A method is employed in which the soldering treatment is performed after the lead terminals 141 are entangled with the lead terminals 141, 123a, 123c and the coil outer peripheral portions, which are temporarily fixed. Therefore, the winding start end S of each coil 130 is connected to each storage wire groove 1
The operations of winding and unwinding the windings 24a and 124c, and temporarily fixing and removing the winding end end E to the outer peripheral portions of the windings 131 and 132 are unfamiliar to the coil winding work by the automated machine.
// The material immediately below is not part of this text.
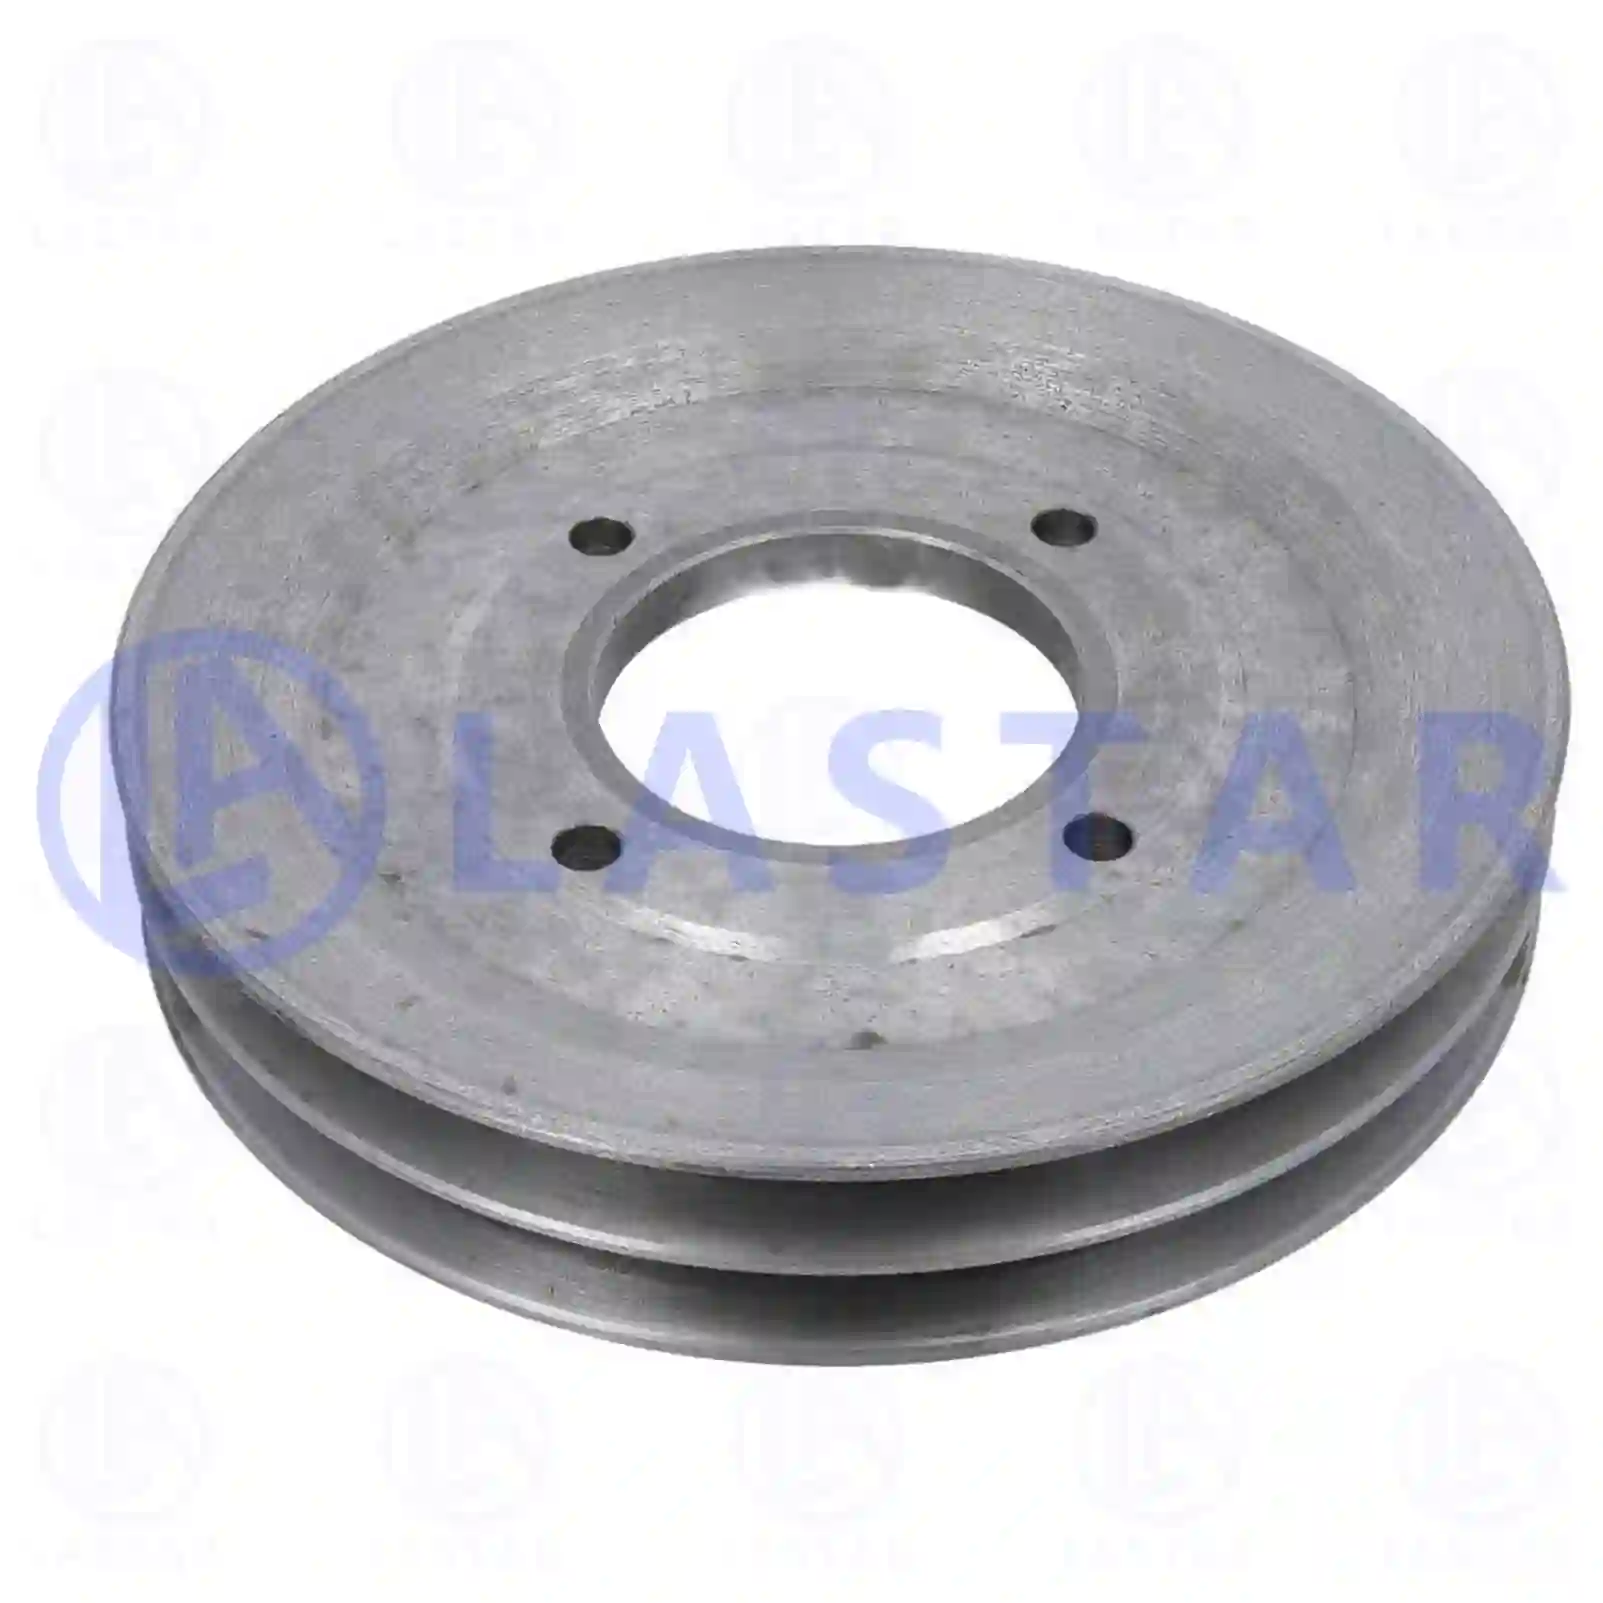 Pulley, fan drive, 77707469, 3575060210 ||  77707469 Lastar Spare Part | Truck Spare Parts, Auotomotive Spare Parts Pulley, fan drive, 77707469, 3575060210 ||  77707469 Lastar Spare Part | Truck Spare Parts, Auotomotive Spare Parts

The winding start end S of each coil 130 is connected to each storage wire groove 124a, 124c.
In the state of being separated from the winding end E and in the state of removing the winding end E from the outer peripheral portion of the winding 130, each wire end does not necessarily extend straight, and further, the core 110 and the bobbin 120 Since the ends of the respective wires are vibrated when the combination of the above is mounted in the bobbin holding base 140, the lead terminal 141 on the base 140 side is grasped by grasping the winding start end S and the winding end E.
The action of entwining with is also unfamiliar with automated machines.

This has been a bottleneck in automating winding work using NC (Numerical Control) winding technology.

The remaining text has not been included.